By the end of this section, you will be able to:

• Use the properties of logarithms
• Use the Change of Base Formula

Before you get started, take this readiness quiz.

• Evaluate: a. \(a^{0}\) b. \(a^{1}\). If you missed this problem, review Example 5.14.
• Write with a rational exponent: \(\sqrt[3]{x^{2} y}\). If you missed this problem, review Example 8.27.
• Round to three decimal places: \(2.5646415\). If you missed this problem, review Example 1.34.

Use the Properties of Logarithms

Now that we have learned about exponential and logarithmic functions, we can introduce some of the properties of logarithms. These will be very helpful as we continue to solve both exponential and logarithmic equations.

The first two properties derive from the definition of logarithms. Since \(a^{0}=1\), we can convert this to logarithmic form and get \(\log _{a} 1=0\). Also, since \(a^{1}=a\), we get \(\log _{a} a=1\).

Definition \(\PageIndex{1}\)

Properties of logarithms.

• \(\log _{a} 1=0 \quad \log _{a} a=1\)

In the next example we could evaluate the logarithm by converting to exponential form, as we have done previously, but recognizing and then applying the properties saves time.

Example \(\PageIndex{1}\)

Evaluate using the properties of logarithms:

\(\log _{8} 1\)

\(\log _{6} 6\)

Use the property, \(\log _{a} 1=0\).

\(0 \quad \log _{8} 1=0\)

Use the property, \(\log _{a} a=1\).

\(1 \quad \log _{6} 6=1\)

Exercise \(\PageIndex{1}\)

• \(\log _{13} 1\)
• \(\log _{9} 9\)

Exercise \(\PageIndex{2}\)

• \(\log _{5} 1\)
• \(\log _{7} 7\)

The next two properties can also be verified by converting them from exponential form to logarithmic form, or the reverse.

The exponential equation \(a^{\log _{a} x}=x\) converts to the logarithmic equation \(\log _{a} x=\log _{a} x\), which is a true statement for positive values for \(x\) only.

The logarithmic equation \(\log _{a} a^{x}=x\) converts to the exponential equation \(a^{x}=a^{x}\), which is also a true statement.

These two properties are called inverse properties because, when we have the same base, raising to a power “undoes” the log and taking the log “undoes” raising to a power. These two properties show the composition of functions. Both ended up with the identity function which shows again that the exponential and logarithmic functions are inverse functions.

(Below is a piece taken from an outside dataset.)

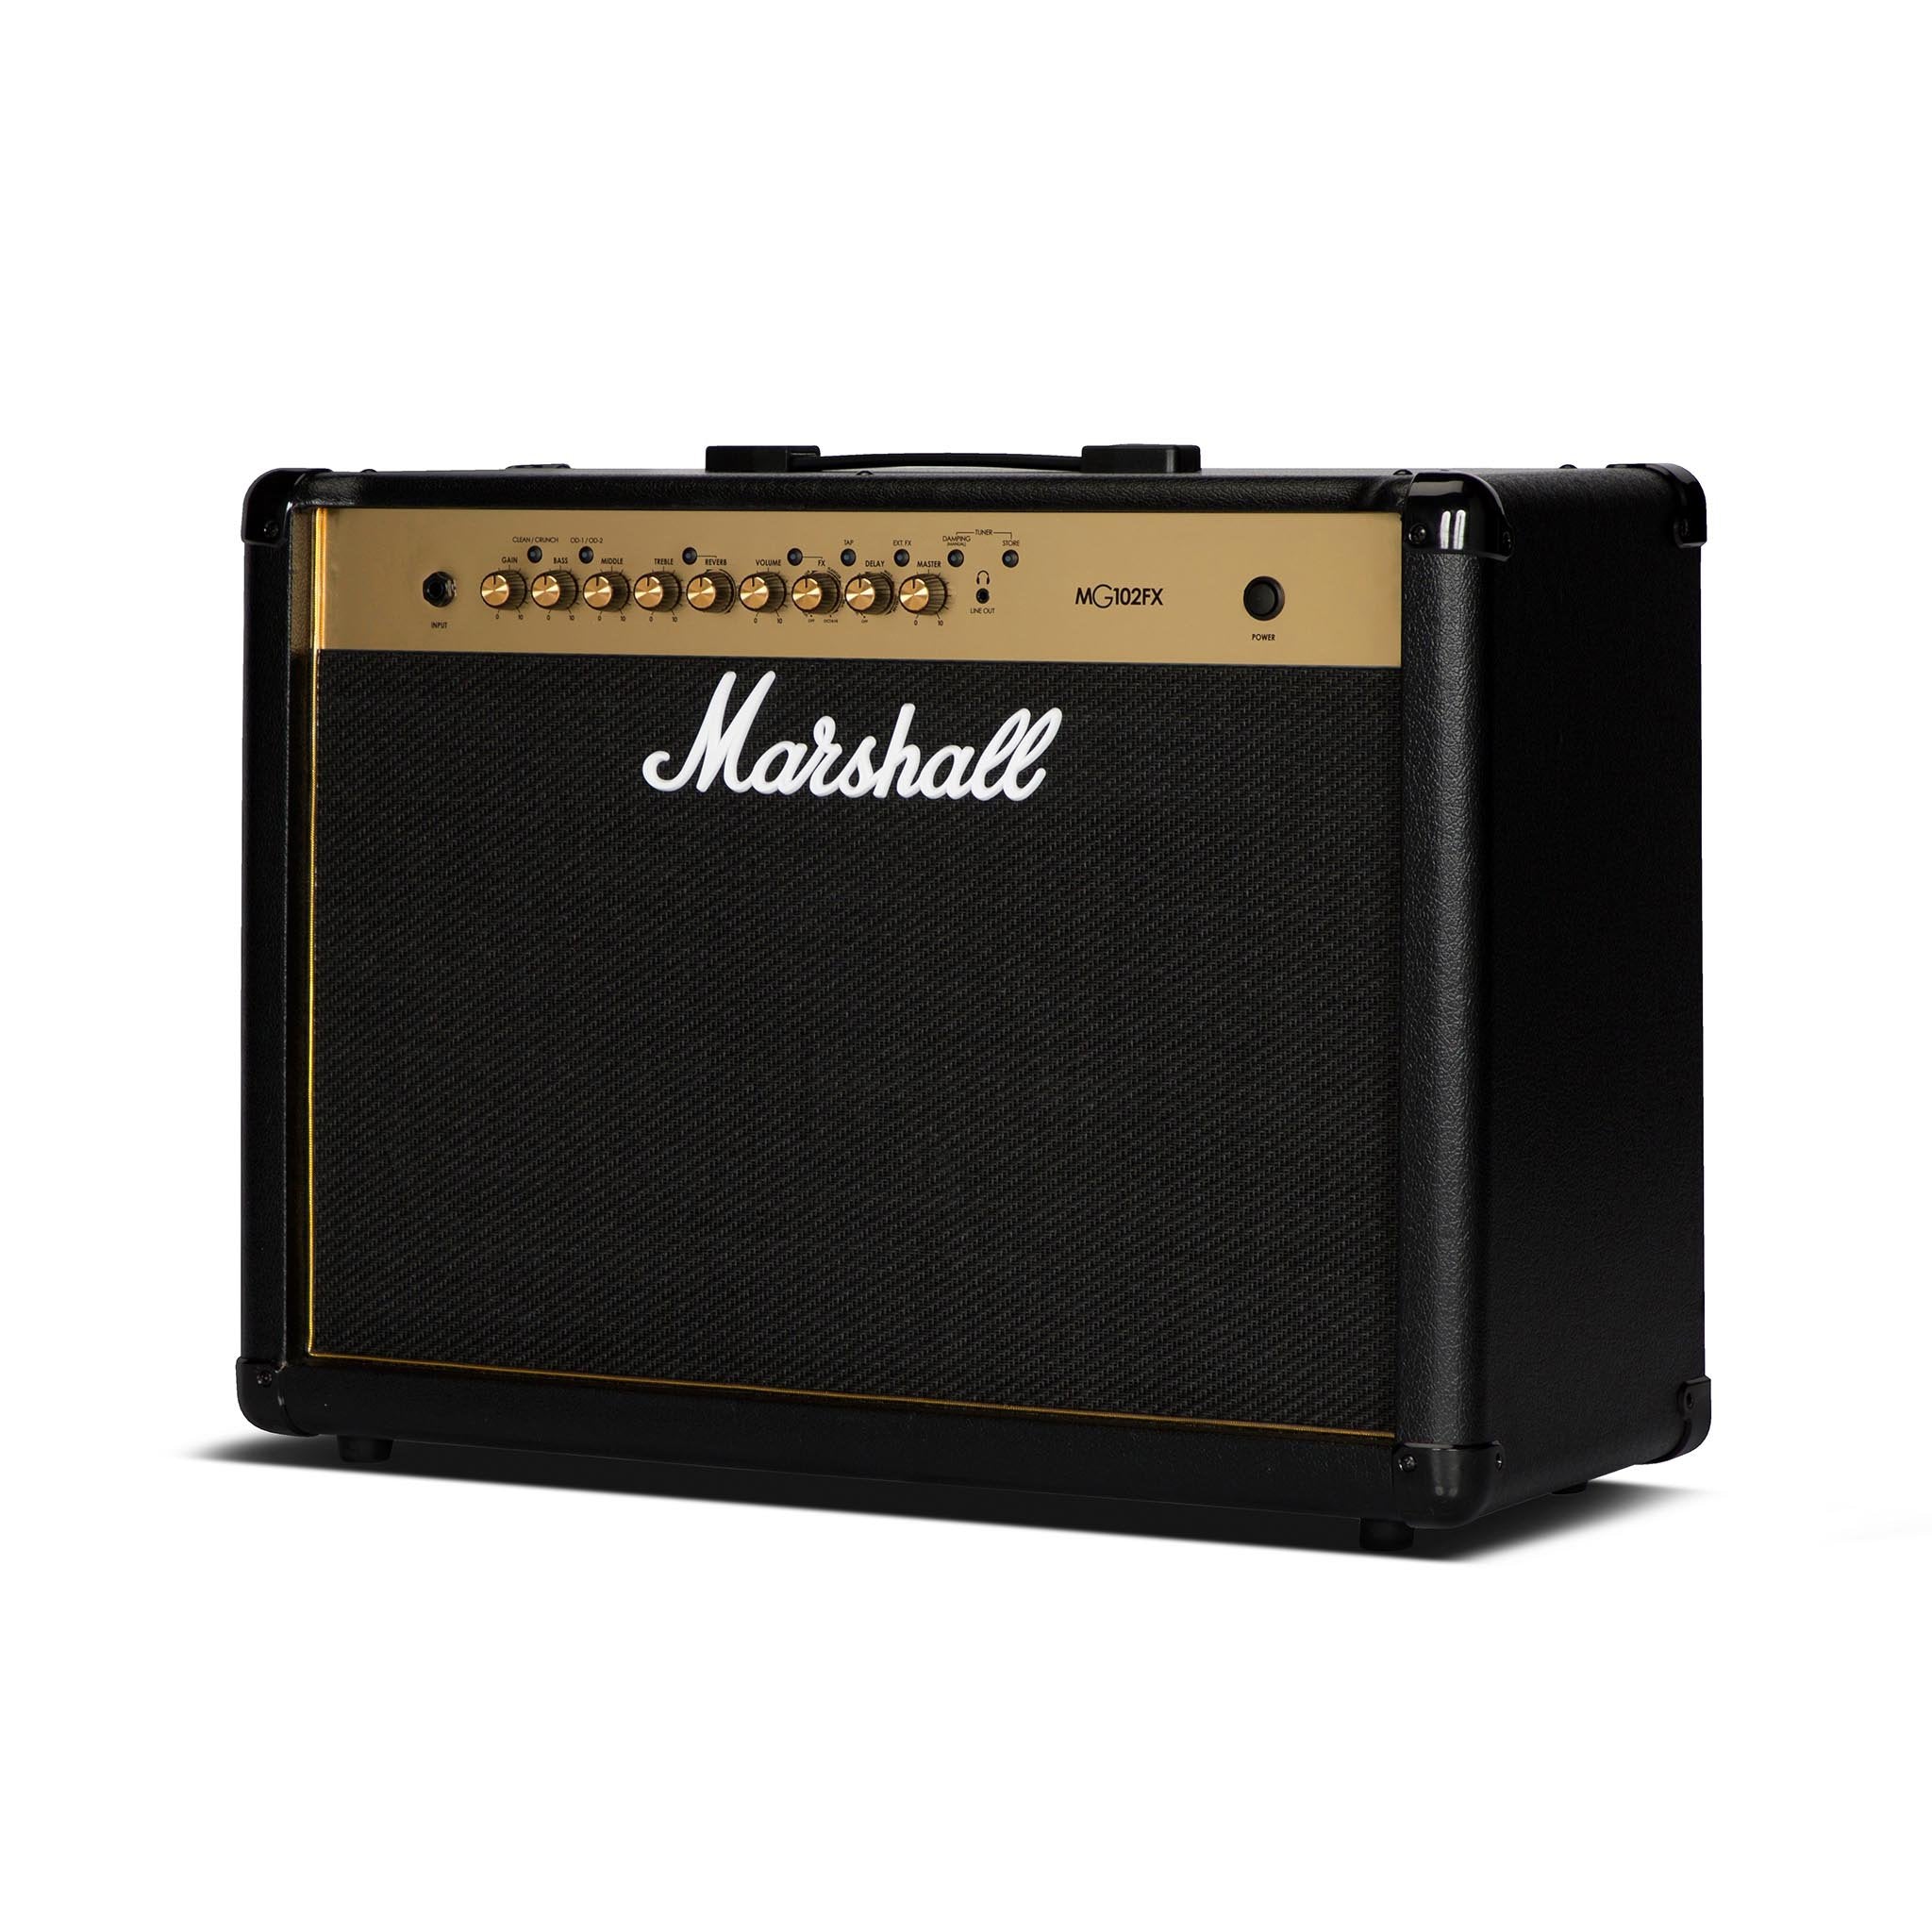 MARSHALL MG102GFX GOLD SERIES 2X12 100W GUITAR COMBO AMPLIFIER, MARSHALL, GUITAR AMPLIFIER, marshall-mg102gfx-gold-series-2x12-100w-guitar-combo-amplifier, ZOSO MUSIC SDN BHD

Definition \(\PageIndex{2}\)

Inverse Properties of Logarithms

For \(a>0, x>0\) and \(a \neq 1\),

\(a^{\log _{a} x}=x \quad \log _{a} a^{x}=x\)

In the next example, apply the inverse properties of logarithms.

Example \(\PageIndex{2}\)

\(4^{\log _{4} 9}\)

\(\log _{3} 3^{5}\)

Use the property, \(a^{\log _{a} x}=x\).

\(9 \quad 4^{\log _{4} 9}=9\)

\(5 \quad \log _{3} 3^{5}=5\)

Exercise \(\PageIndex{3}\)

• \(5^{\log _{5} 15}\)
• \(\log _{7} 7^{4}\)

Exercise \(\PageIndex{4}\)

• \(2^{\log _{2} 8}\)
• \(\log _{2} 2^{15}\)

There are three more properties of logarithms that will be useful in our work. We know exponential functions and logarithmic function are very interrelated. Our definition of logarithm shows us that a logarithm is the exponent of the equivalent exponential. The properties of exponents have related properties for exponents.

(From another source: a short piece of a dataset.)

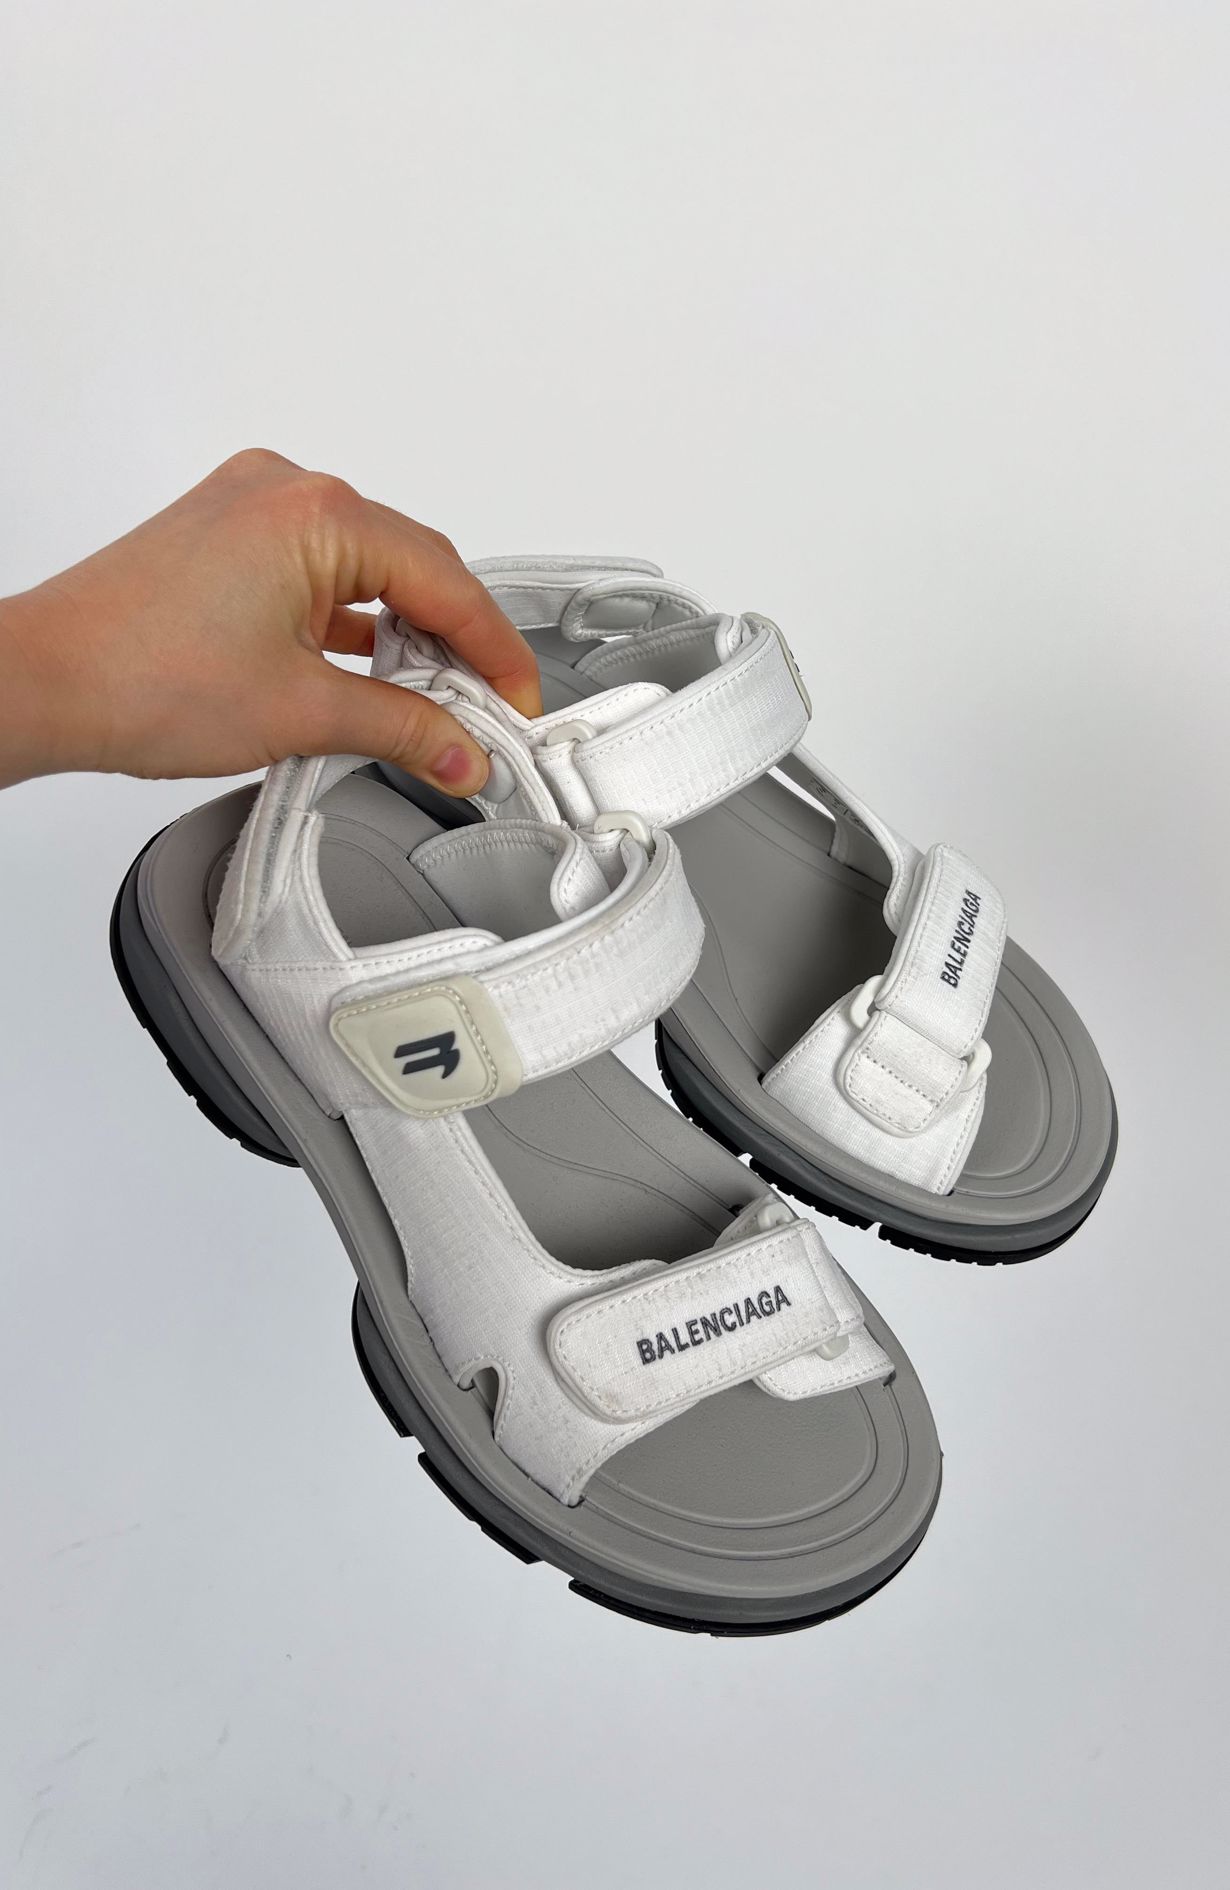 Balenciaga sandals white size 38+ box

In the Product Property of Exponents, \(a^{m} \cdot a^{n}=a^{m+n}\), we see that to multiply the same base, we add the exponents. The Product Property of Logarithms , \(\log _{a} M \cdot N=\log _{a} M+\log _{a} N\) tells us to take the log of a product, we add the log of the factors.

Definition \(\PageIndex{3}\)

Product Property of Logarithms

If \(M>0, N>0, \mathrm{a}>0\) and \(\mathrm{a} \neq 1,\) then

\(\log _{a}(M \cdot N)=\log _{a} M+\log _{a} N\)

The logarithm of a product is the sum of the logarithms.

We use this property to write the log of a product as a sum of the logs of each factor.

Example \(\PageIndex{3}\)

Use the Product Property of Logarithms to write each logarithm as a sum of logarithms. Simplify, if possible:

\(\log _{3} 7 x\)

\(\log _{4} 64 x y\)

Use the Product Property, \(\log _{a}(M \cdot N)=\log _{a} M+\log _{a} N\).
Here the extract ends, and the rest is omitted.